JuliaAI / ScientificTypes.jl

An API for dispatching on the "scientific" type of data instead of the machine type
MIT License
96 stars 8 forks source link

Towards a more efficient `schema` methods for row-based tables #127

Open ablaom opened 3 years ago

ablaom commented 3 years ago

The issue has been raised that schema, applied to a table, currently has to concretely manifest each column, as way of extracting it's scitype, which for row-based tables is inefficient. The reason for the current implementation is that, in general, the column element scitype cannot be inferred from column element machine type.

Here are some details so that someone interested can explore a workaround, which I think is certainly possible.

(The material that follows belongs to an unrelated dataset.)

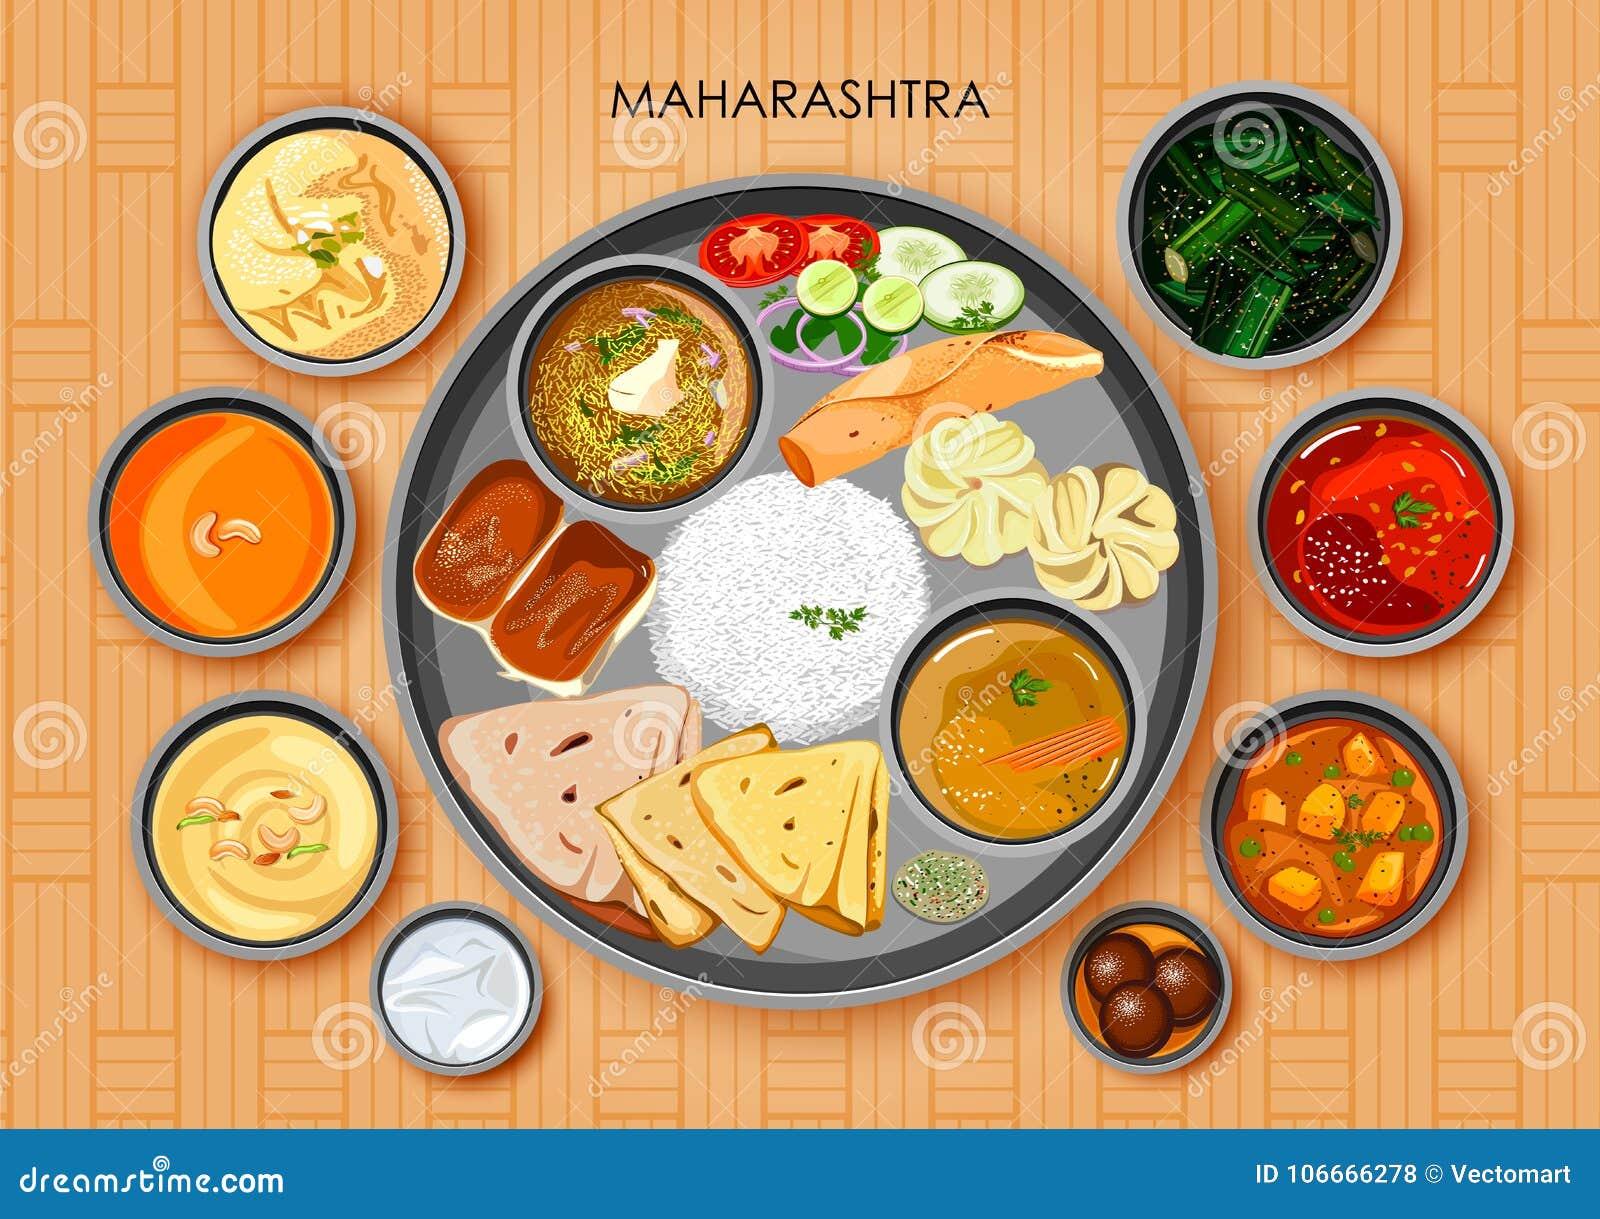 Traditionell thali för Maharashtrian kokkonst- och matmål

At present (and this might change) the only time the scitype of an array A cannot be determined from the machine type is if

eltype(A) <: CategoricalArrays.CategoricalValue    

This is because the scitype depends on: (i) whether or the pool is ordered, and (ii) the number of levels. Neither of these are in the machine type - they must be extracted from an instance. However, it is safe to assume that all elements have the same scitype, because it is very unusual for an array to have inhomogeneous pools (the CategoricalPool contains the order/levels information). Indeed, CategoricalArrays goes to great lengths to ensure creating of such arrays is difficult. Under this assumption, one can therefore compute the scitype of A by looking at just the first element (which for Tables, means looking just at the first row).

cc @OkonSamuel

ablaom commented 3 years ago

@OkonSamuel